Later on, he went to call himself a ‘chaiwala’ (tea-seller), a laborious and hard-working ordinary man who finds pleasure in the service of others. As someone who is not privileged to have family lineage in politics and yet with all the struggles and hard work, could become a leader of the masses. Thus a man who practised simple living but high thinking.

And finally, he declares himself a ‘chowkidar’ (watchman). A watchman keeps awake to look after the house in the presence or absence of the owner. He claims that no person will dare to steal and escape as he is a watchman with a 56 inch of chest. The individual self of Modi has declared himself as one and only worthy man and everyone else as corrupt and criminal.

The reason for citing all these cases is to argue that either to be a ‘fakir’ or to be a ‘ganga mai ka beta’ or ‘chaiwala’ or to be a ‘chowkidar’ people need not be educated and yet be the Prime Minister. This is what precisely Modi has done in all these years of his governance which has been supported by the media through image creation. Since the majority of population in the country are uneducated, he has tried to reach these target groups through the self-creation of an illusory image, which he is of course not in real life. And perhaps, once he declares himself as ‘fakir’, ‘ganga mai ka beta’, ‘chaiwala’ and ‘chowkidar’, he smoothly moves away from the questions of development. Through such distractions and image creation he avoids any confrontations with the questions of unemployment, health, education, demonetisation, GST, women safety, social justice etc.

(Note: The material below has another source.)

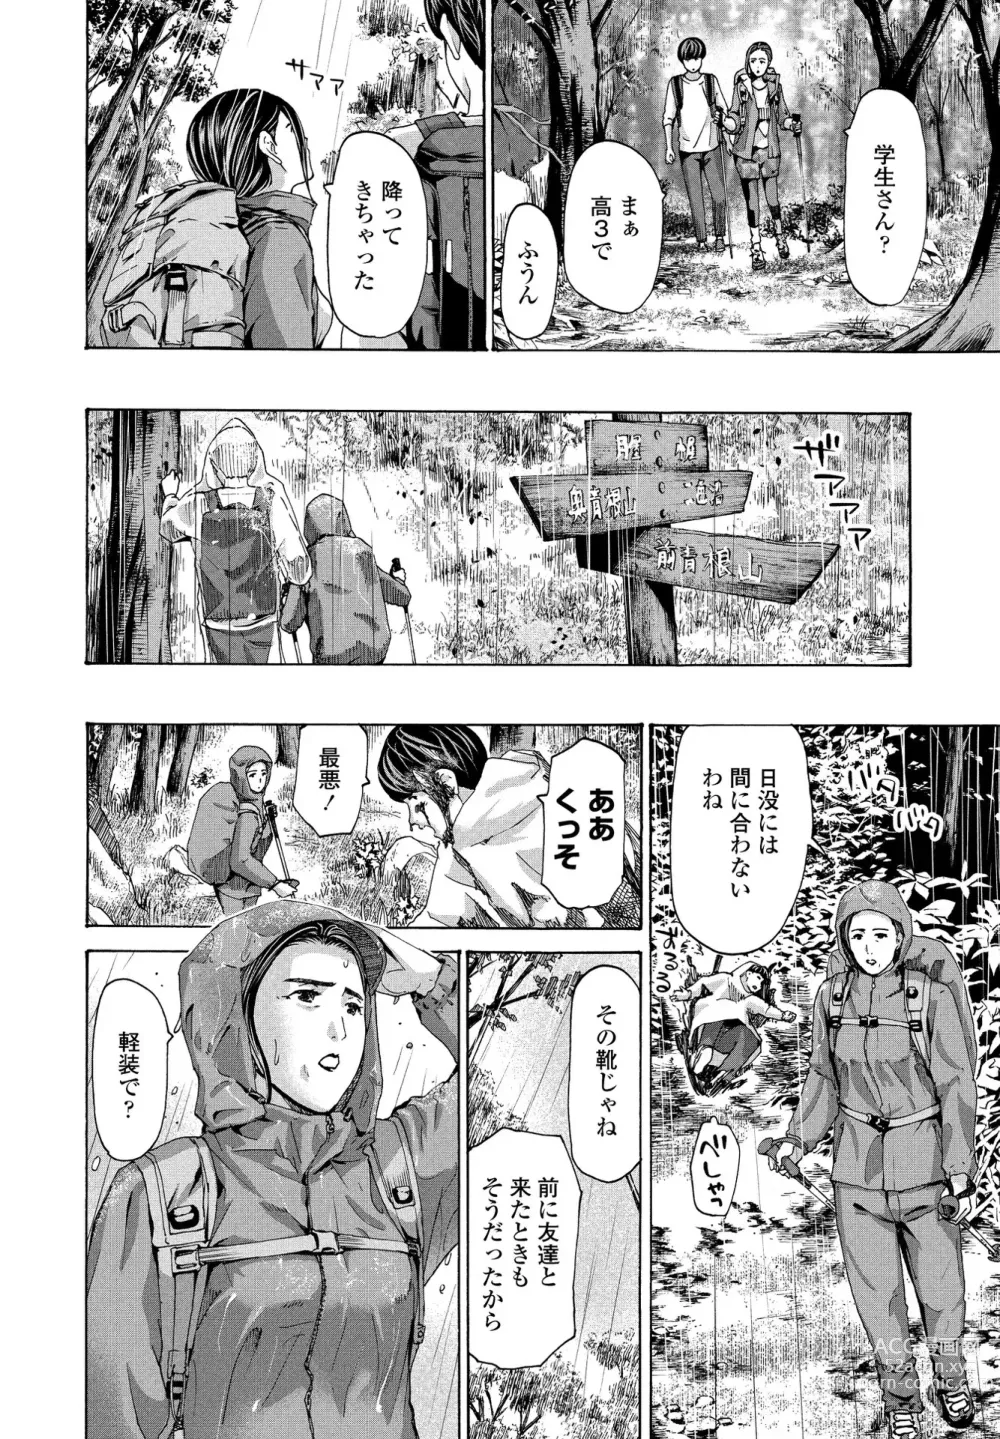 Page 2 of manga Hinangoya nite

Therefore, one can notice that to escape from the basic questions, such as, why there is a rise in unemployment among the youth, why there has been farmers' unrest in the country, why students across universities have been agitating, who is responsible for the death of hundreds of children in the Gorakhpur hospital tragedy, what was the outcome of demonetisation, Modi and his party have decided to play victim card along with invoking pseudo-nationalism. This is precisely the reason why BJP has not been promising developmental goals with less than a month to go into election. The politics of BJP for 2019 election is nothing but ‘communalism against secularism’ and ‘religious nationalism against development’. In totality, the approach taken by the right wing political party is a shift towards ‘communal democracy’, where differences are not cherished but used by dominant communities to deepen the social hierarchy.

Thus, the shift from developmental politics towards a communal politics and invoking religious nationalism is a calculated move to galvanise hindu voters as they have not got much to show on the development front. Moreover, there has been a constant effort to mislead the public by pitching opposition as antithetical to nationalism and development, which is supported by the media. At the same time, the opposition parties have also failed to question and make the ruling government accountable for their failure to bring ‘achhe din’ to the people.



Omprakash Mahato is a BAPSA activist and PhD scholar in Center for Political Studies (CPS), JNU.